See Also: LinkedHashMap LinkedHashMap

removeEldestEntry

protected boolean removeEldestEntry(Entry<K,V> eldest)
Returns true if this map should remove the eldest entry. This method is invoked by all calls to put and putAll which place a new entry in the map, providing the implementer an opportunity to remove the eldest entry any time a new one is added. This can be used to save memory usage of the hashtable, as well as emulating a cache, by deleting stale entries.

For example, to keep the Map limited to 100 entries, override as follows:

 private static final int MAX_ENTRIES = 100;
 protected boolean removeEldestEntry(Map.Entry eldest)
 {
   return size() > MAX_ENTRIES;
 }
 

Typically, this method does not modify the map, but just uses the return value as an indication to put whether to proceed. However, if you override it to modify the map, you must return false (indicating that put should leave the modified map alone), or you face unspecified behavior. Remember that in access-order mode, even calling get is a structural modification, but using the collections views (such as keySet) is not.

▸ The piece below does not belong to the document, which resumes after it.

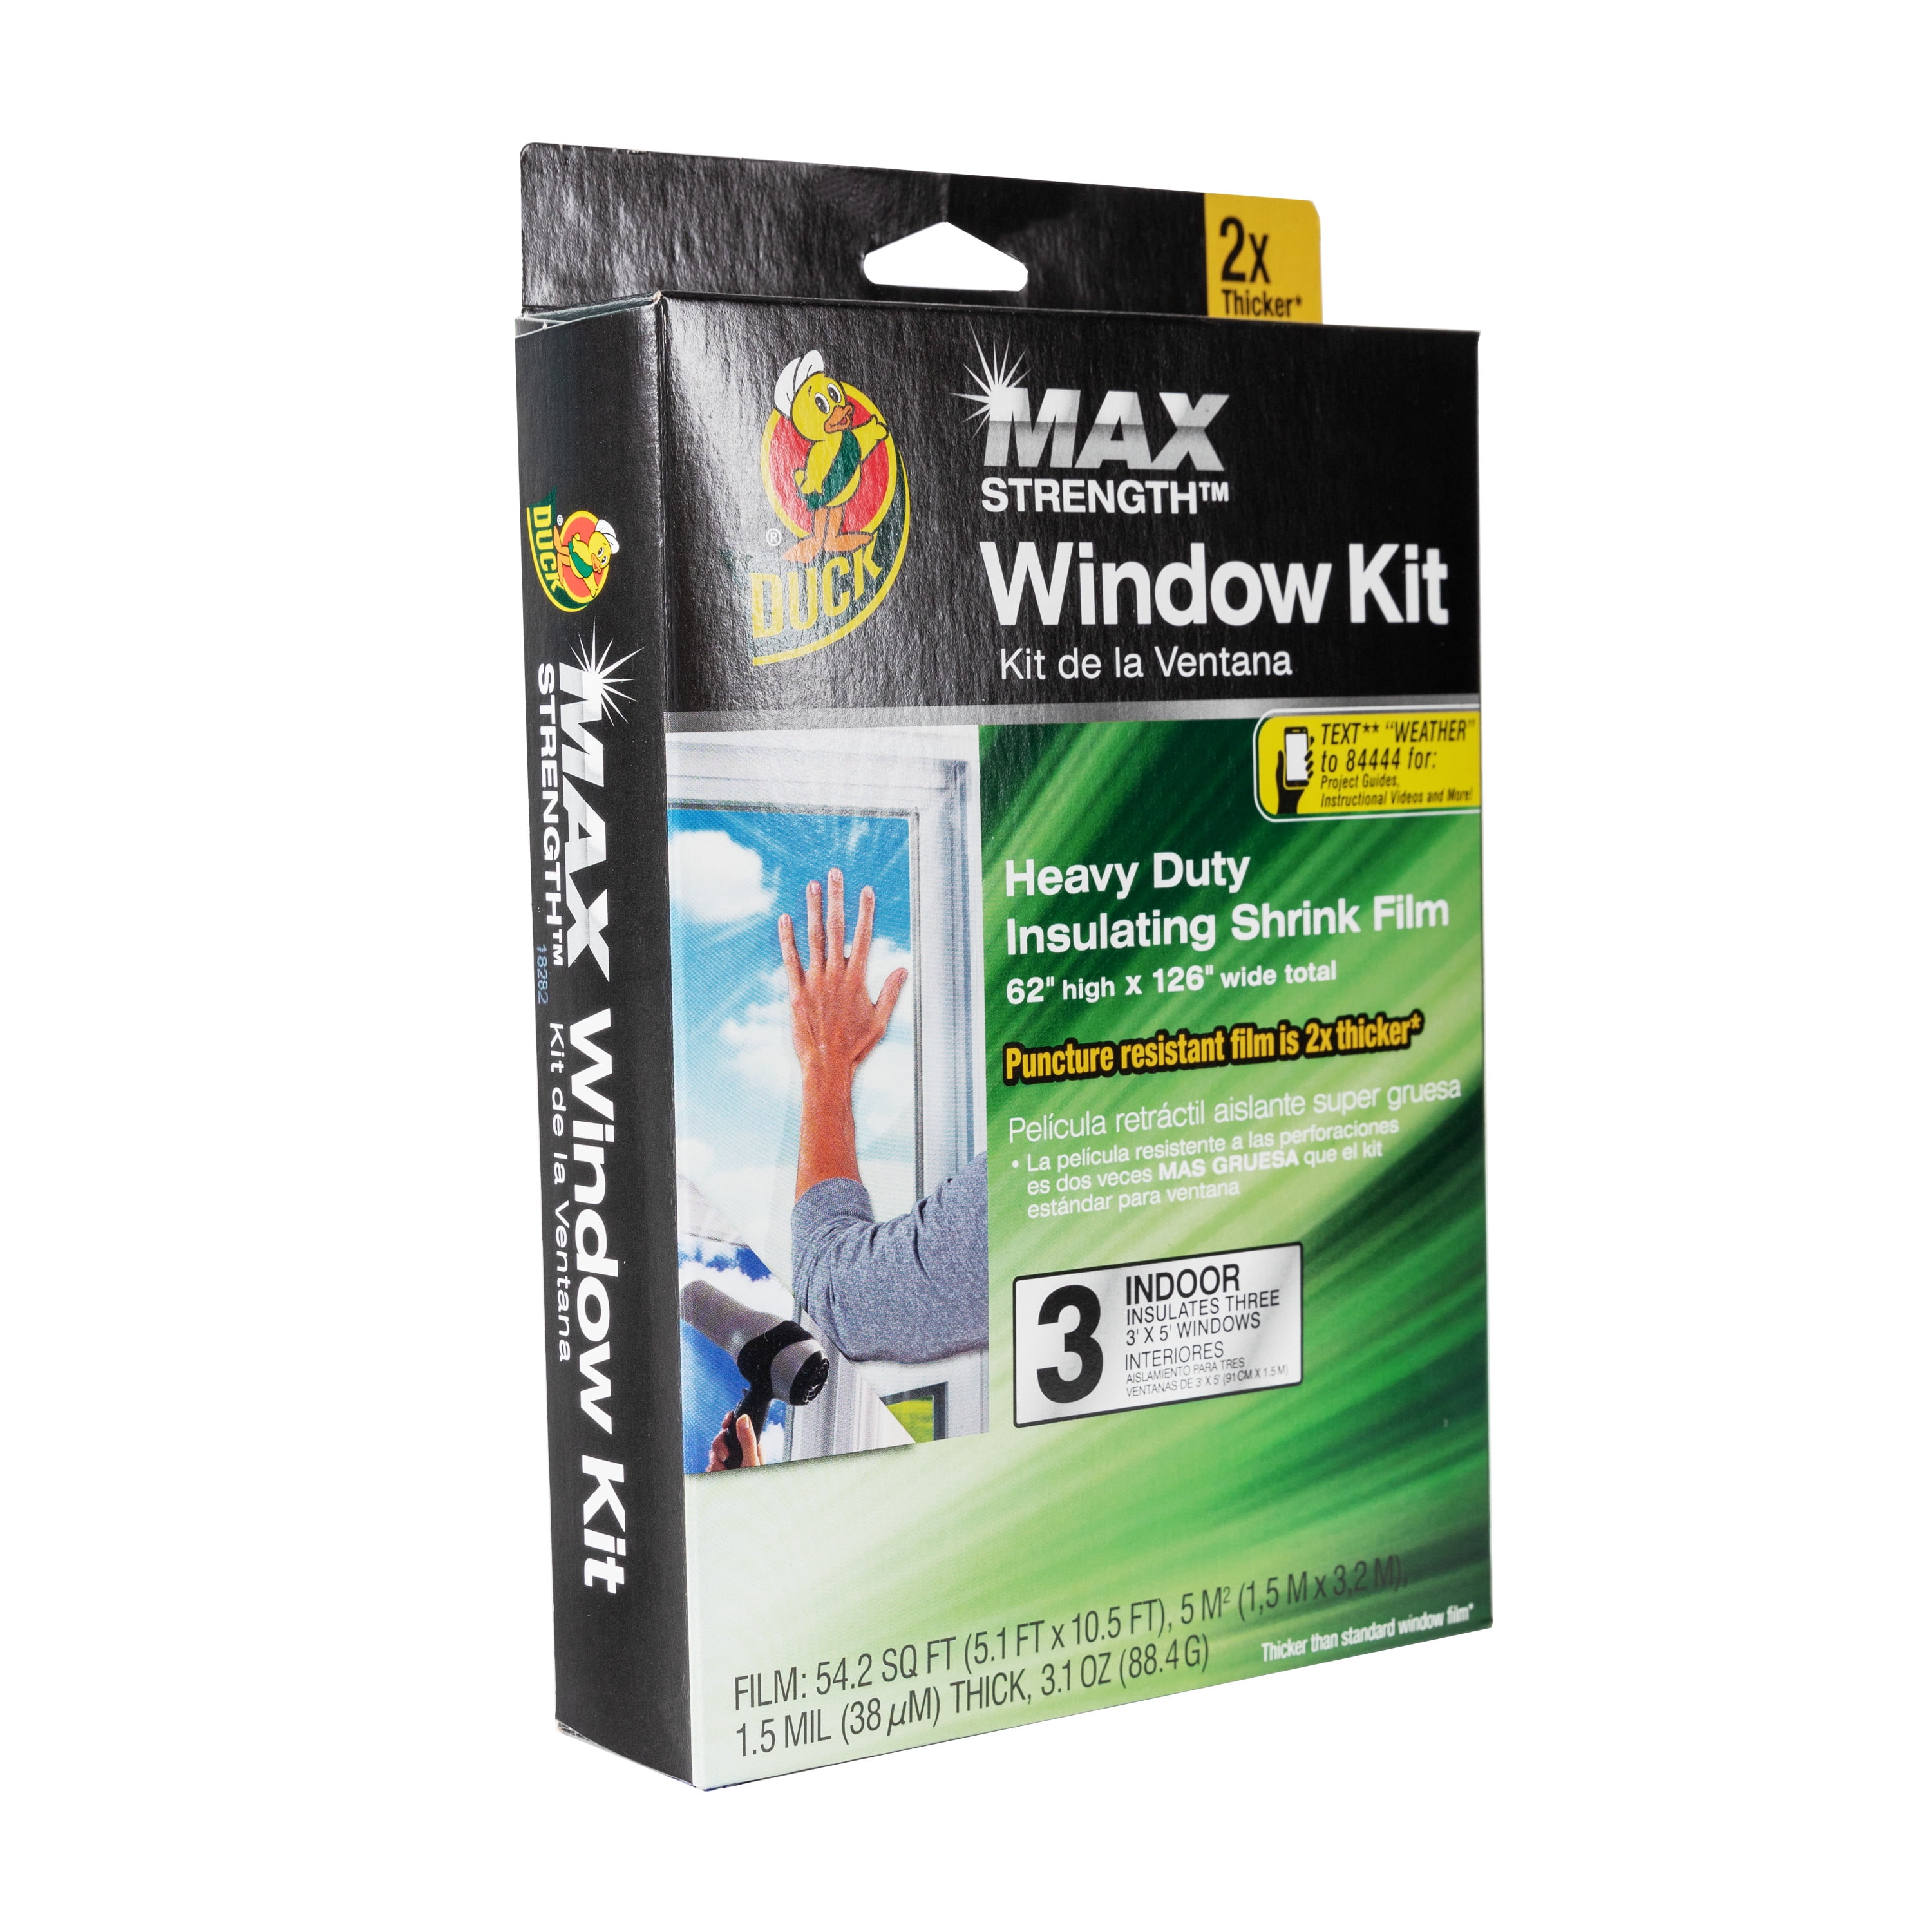 Duck Max Strength Heavy Duty Window Kit Indoor 62"x126" wide total

This method is called after the eldest entry has been inserted, so if put was called on a previously empty map, the eldest entry is the one you just put in! The default implementation just returns false, so that this map always behaves like a normal one with unbounded growth.

Parameters: eldest the eldest element which would be removed if this returns true. For an access-order map, this is the least recently accessed; for an insertion-order map, this is the earliest element inserted.